# wie kann ich 1 einfache Servlet auf Internet Einrichten



## mehiii (31. Mrz 2008)

ich habe mein Programm offline getestet aber weiss nicht wie kann ich auf internet mein Servlet zu instalieren

kann mir jemand helfen


danke


----------



## foobar (1. Apr 2008)

Wo willst du deine Webanwendung denn installieren? Hast du einen VServer oder Webspace mit einem Servletcontainer (Tomcat, Jetty etc.)?


----------



## maki (1. Apr 2008)

Pass bloss auf dass du das Internet nicht löscht...


----------



## Niki (1. Apr 2008)

Verdammt, fünf Seiten die vor einer Stunde noch gingen sind schon weg, wahhh!  :shock:


----------



## mehiii (1. Apr 2008)

überall wo jave unterstuzt wird,  zb  chello.at oder  yahoo.

weil auf beiden server kann ich Applet hochladen.


----------



## SebiB90 (1. Apr 2008)

mehiii hat gesagt.:
			
		

> überall wo jave unterstuzt wird,  zb  chello.at oder  yahoo.
> 
> weil auf beiden server kann ich Applet hochladen.

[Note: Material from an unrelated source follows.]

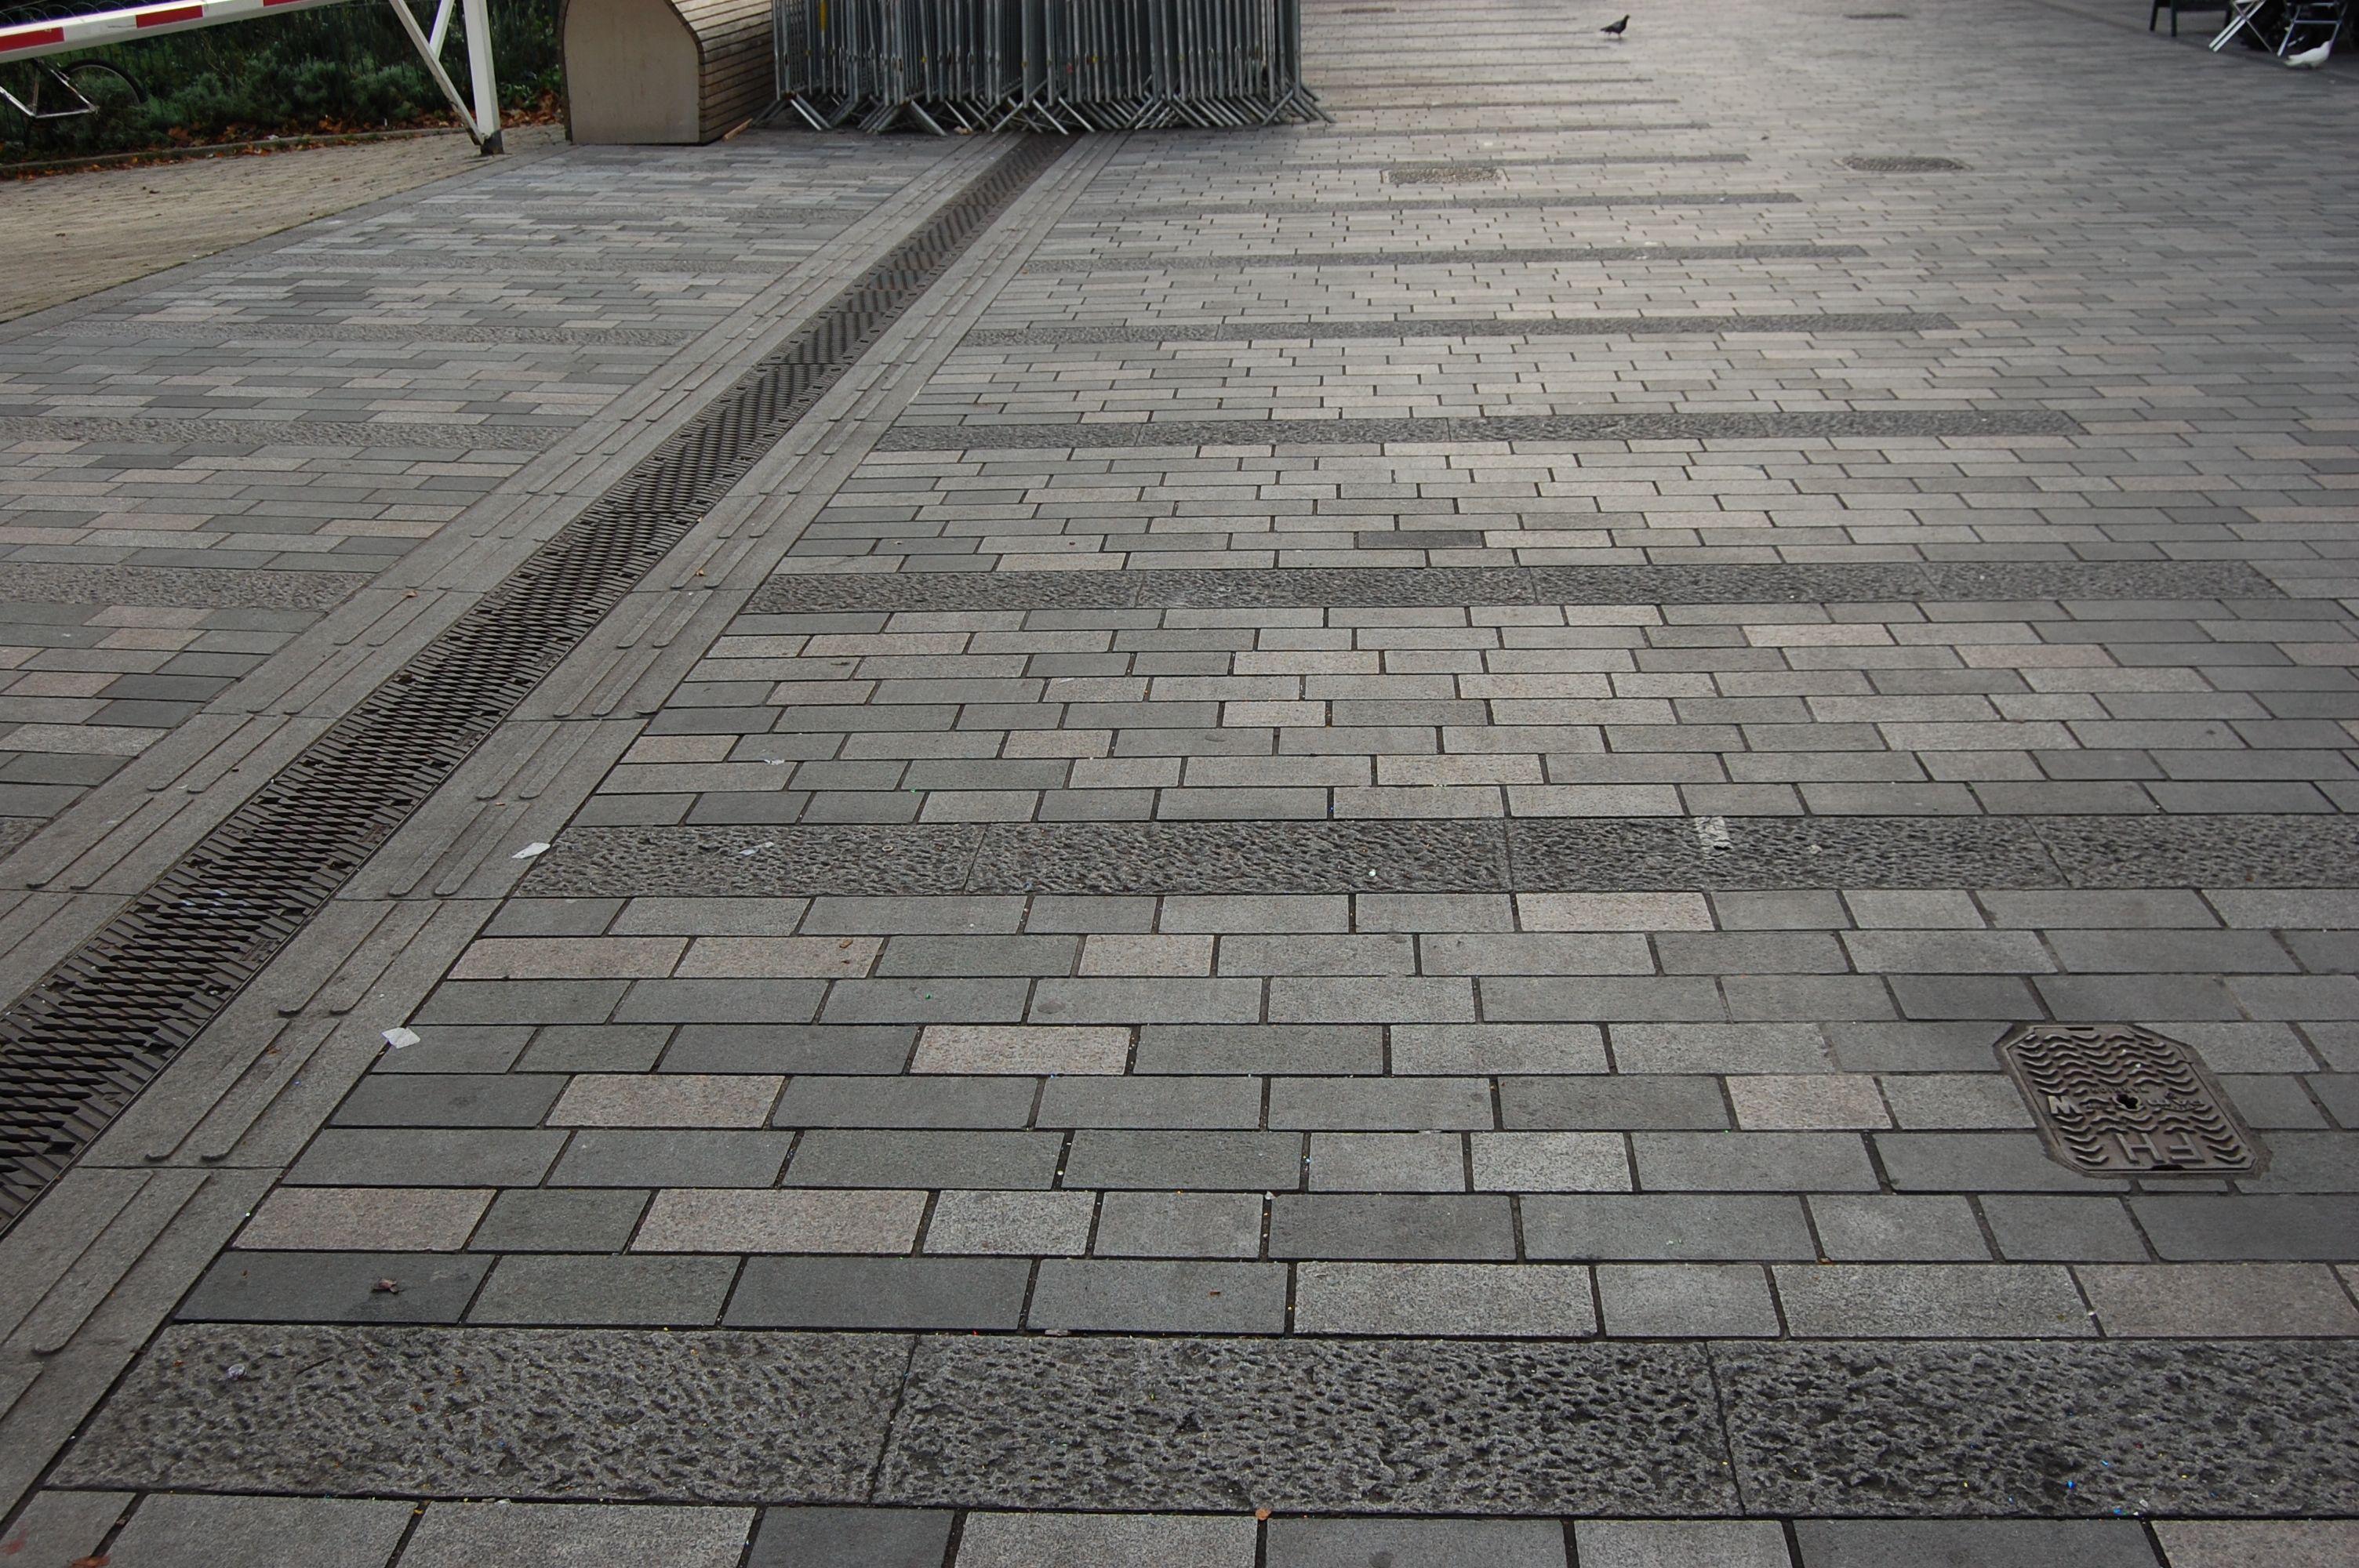 Vehicular paving google search fine paving pinterest for Paving planner

applets werden lokal in der JVM des clients ausgeführt. 
der server muss dafür nix haben/können.

Servlet wird aber Serverseitig ausgeführt und es wird nen Java EE Server benötigt.


----------



## Niki (2. Apr 2008)

Ein ServletContainer wie Tomcat reicht auch. Man muss ja nicht mit Kanonen auf Spatzen schießen.


----------